* **Exercise prompt**:
The records below hold a stretch from the line with "http://hokuriku.my-fav.jp/feature/12/" through the line with "prada replica handbags"; return exactly those lines, ends included, and nothing more.

* **Provided data**:
----------------

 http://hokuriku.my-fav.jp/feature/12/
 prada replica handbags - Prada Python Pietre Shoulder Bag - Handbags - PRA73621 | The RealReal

----------------

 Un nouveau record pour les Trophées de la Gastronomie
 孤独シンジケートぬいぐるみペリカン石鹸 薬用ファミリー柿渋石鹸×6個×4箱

----------------

* **Worked solution**:
 http://hokuriku.my-fav.jp/feature/12/
 prada replica handbags - Prada Python Pietre Shoulder Bag - Handbags - PRA73621 | The RealReal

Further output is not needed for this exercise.